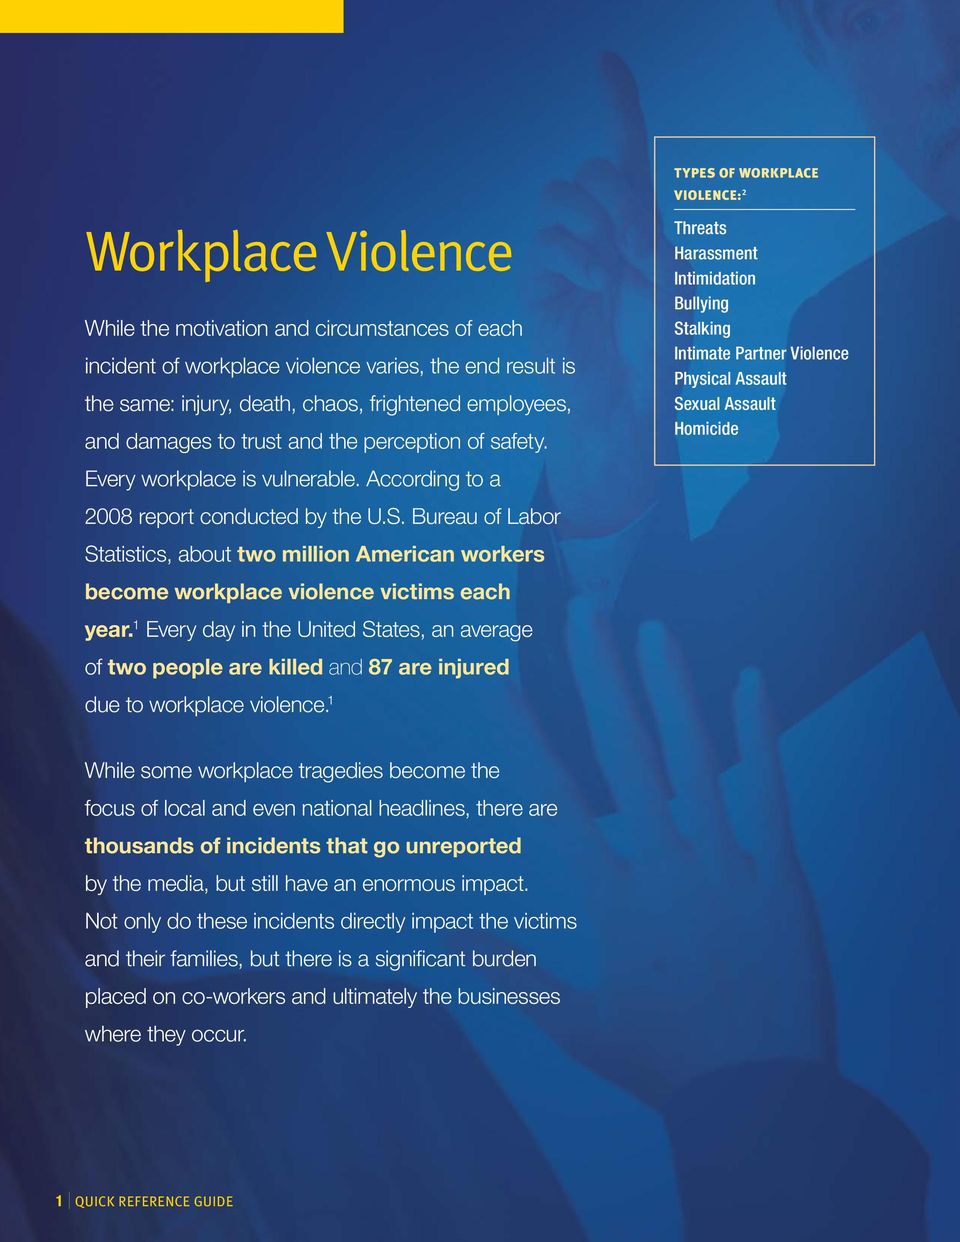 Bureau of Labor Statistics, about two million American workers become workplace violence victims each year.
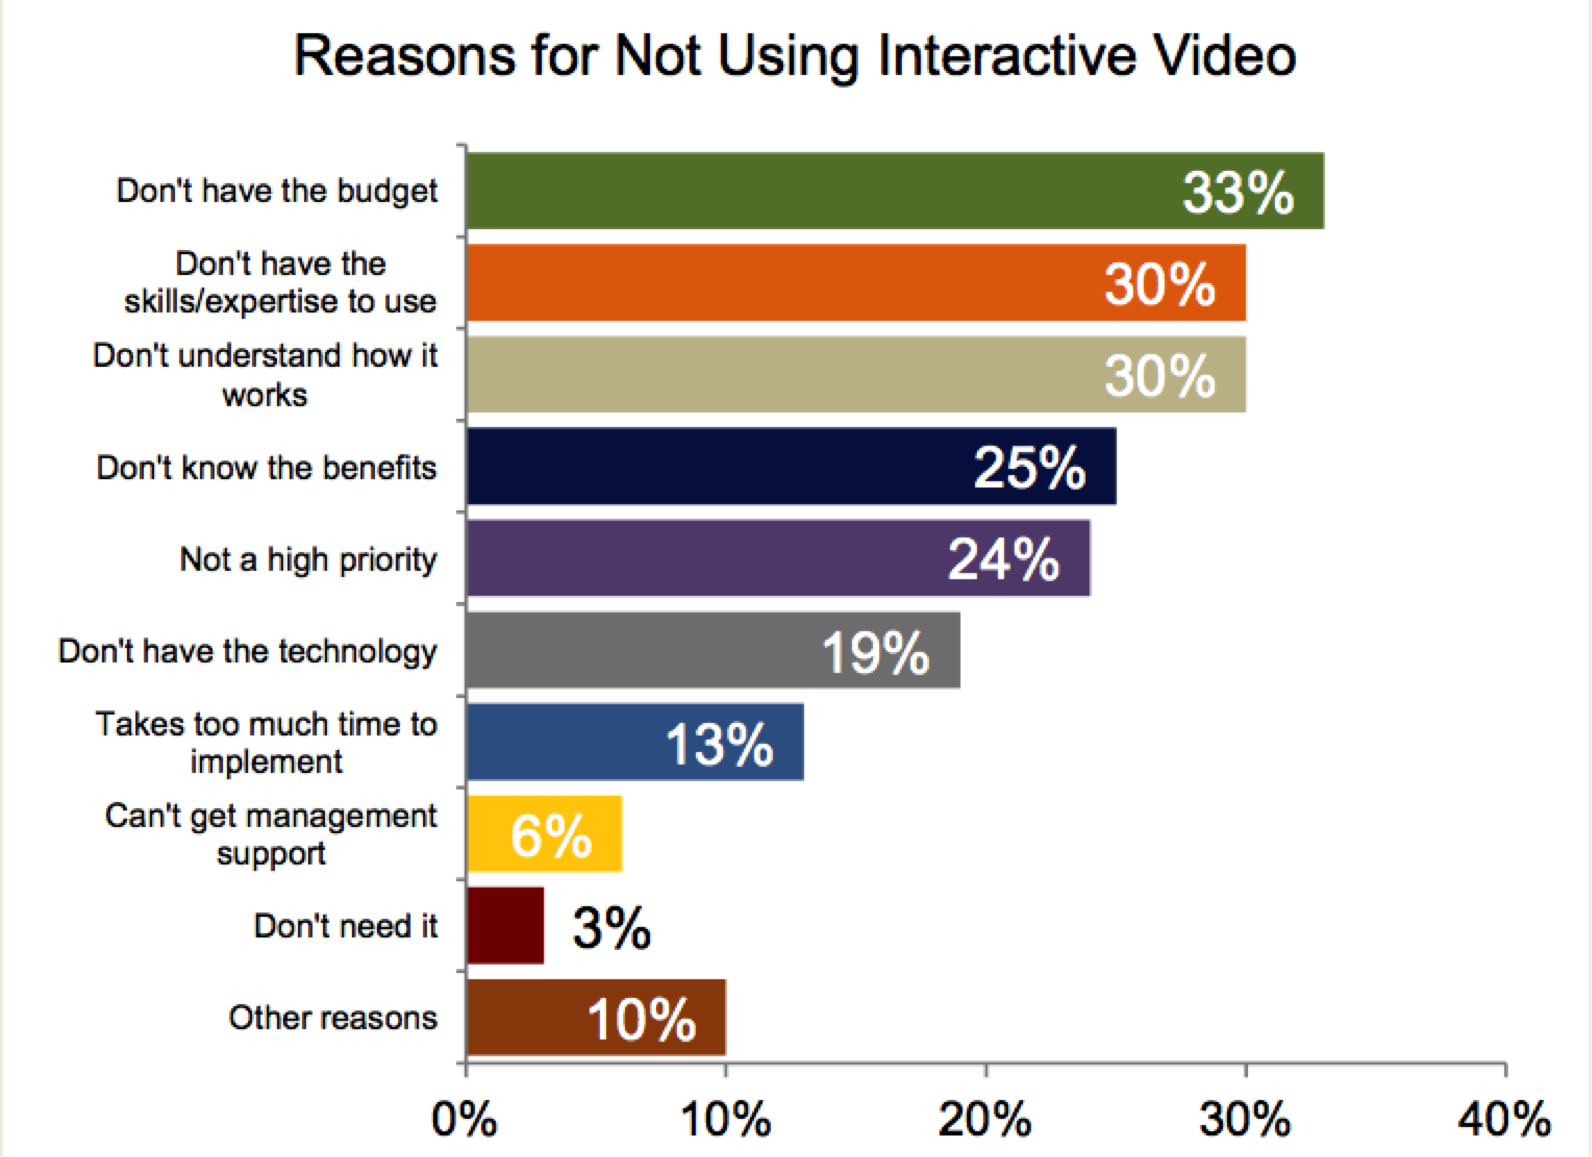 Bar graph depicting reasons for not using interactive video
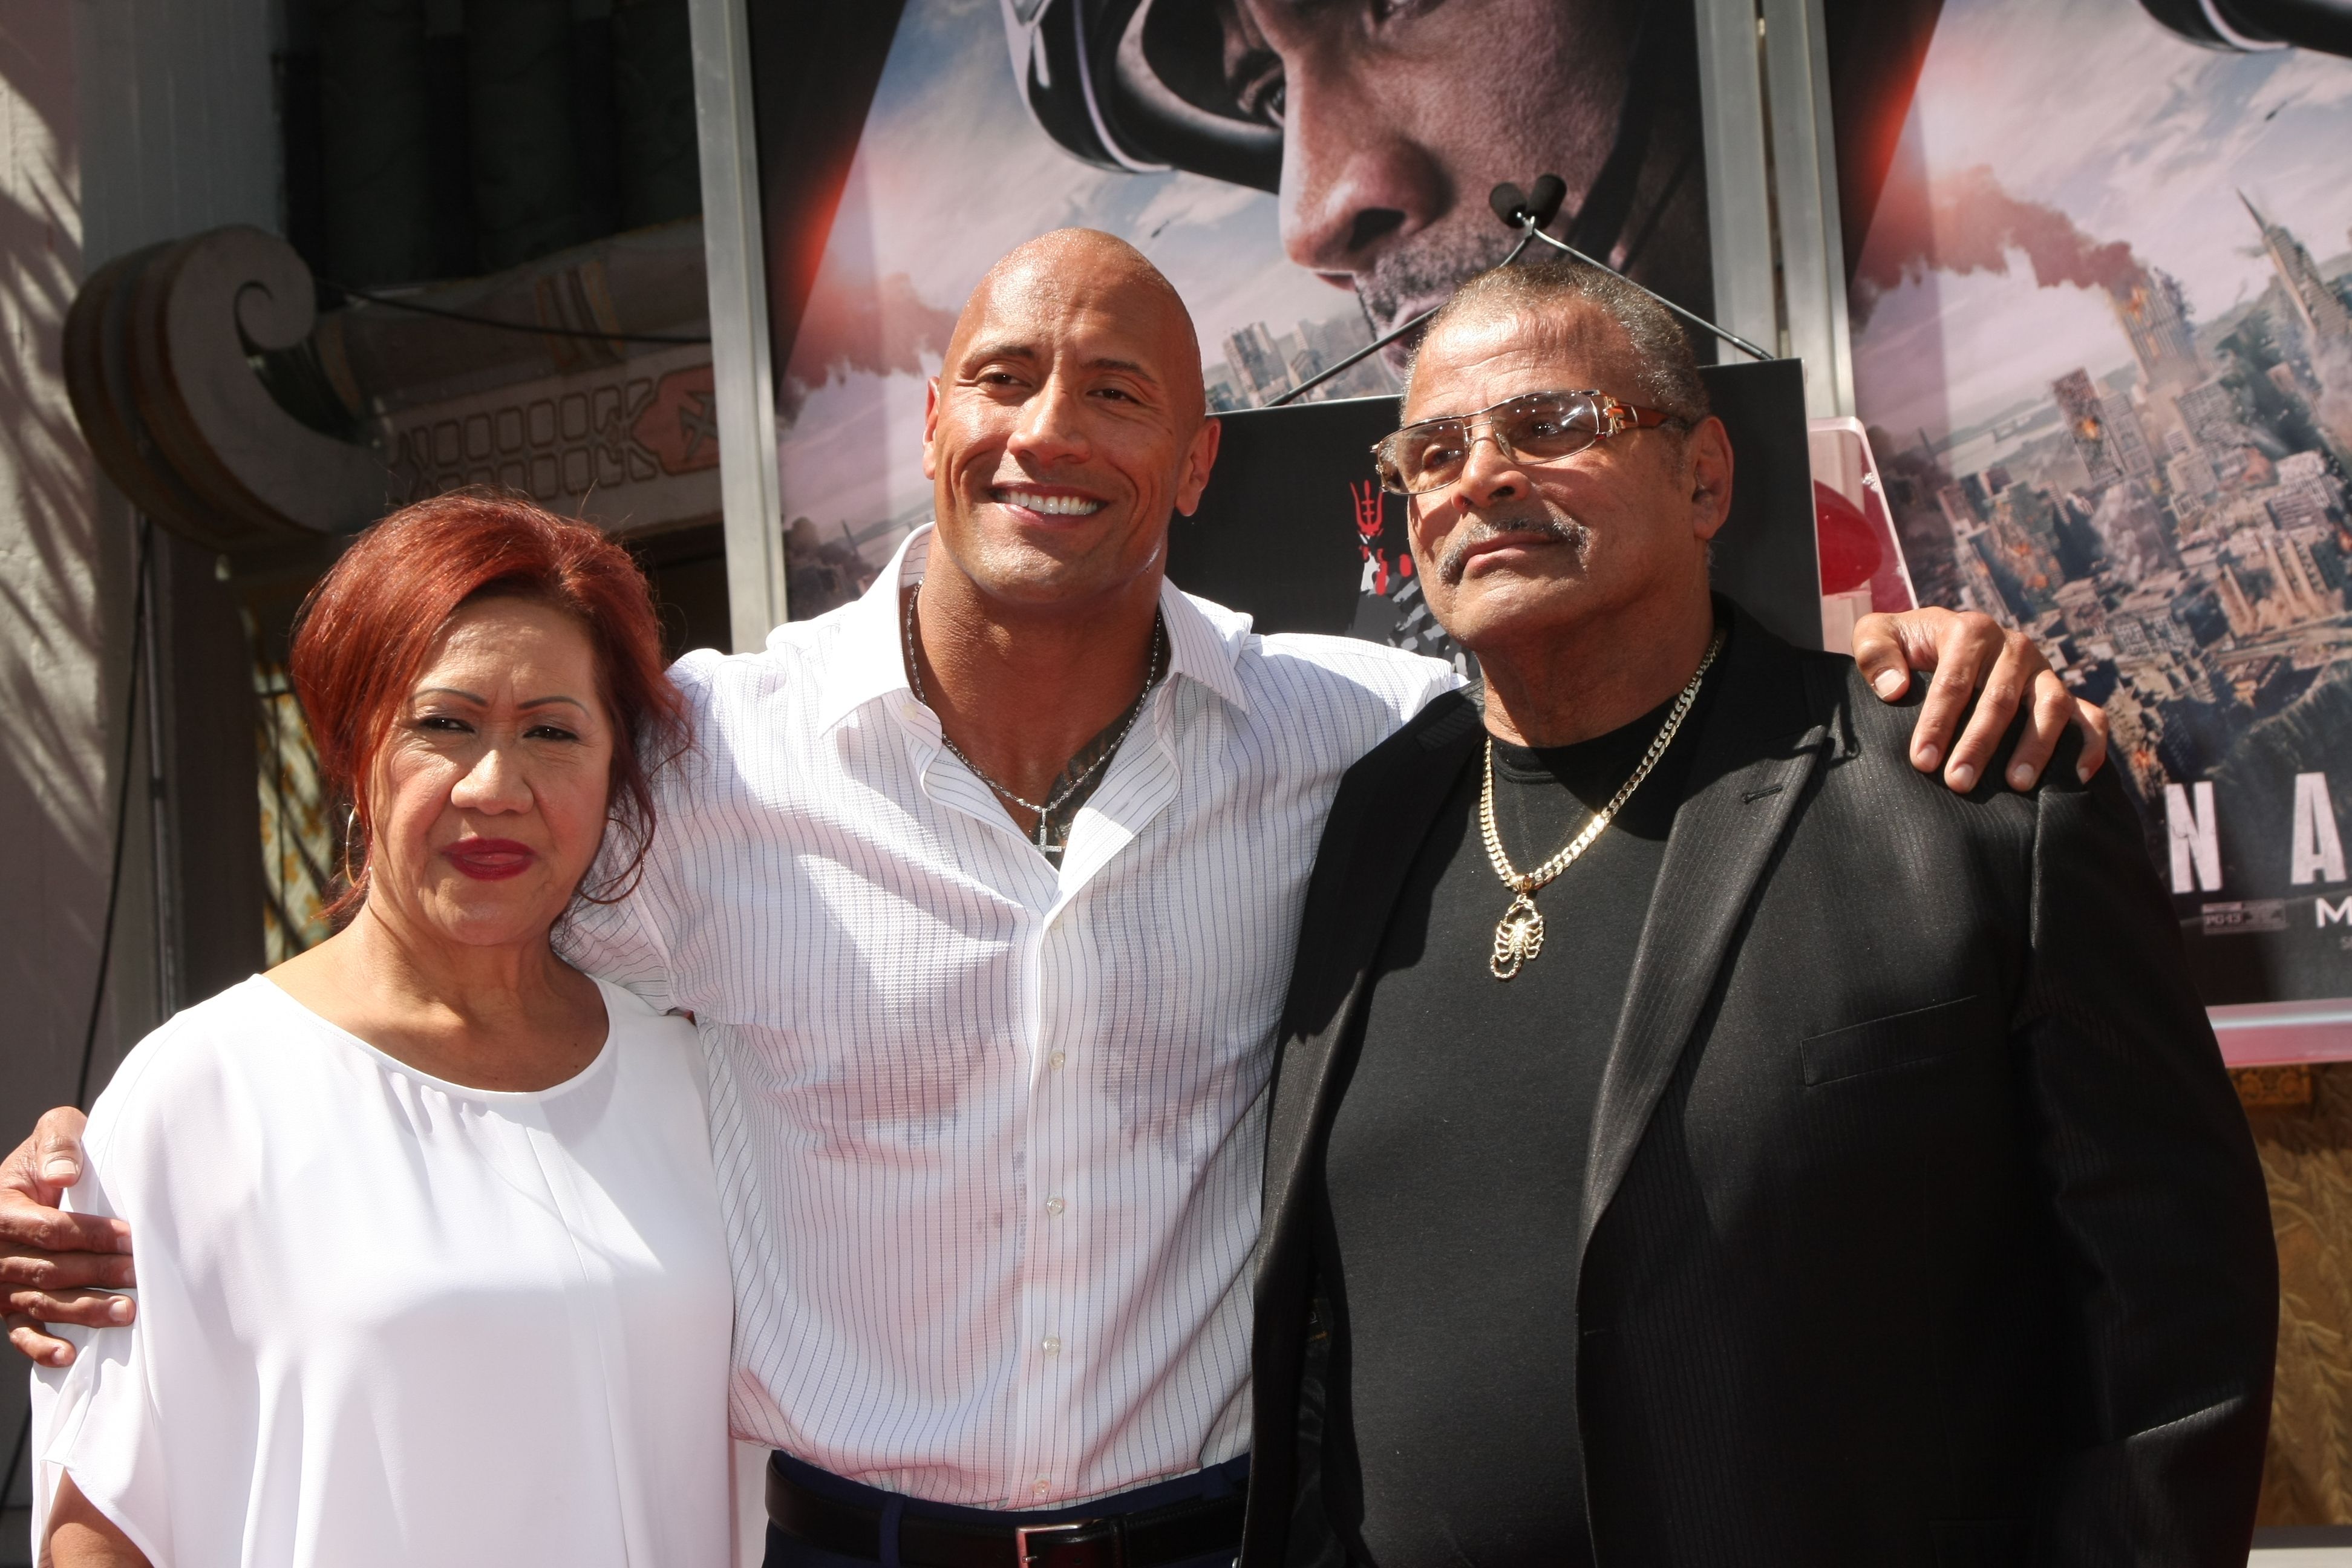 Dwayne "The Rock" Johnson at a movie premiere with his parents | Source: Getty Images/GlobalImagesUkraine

Assignment
An exact transcription of the data above is needed, without the pictures.

Reply
 Bureau of Labor Statistics, about two million American workers become workplace violence victims each year.
 Bar graph depicting reasons for not using interactive video
 Dwayne "The Rock" Johnson at a movie premiere with his parents | Source: Getty Images/GlobalImagesUkraine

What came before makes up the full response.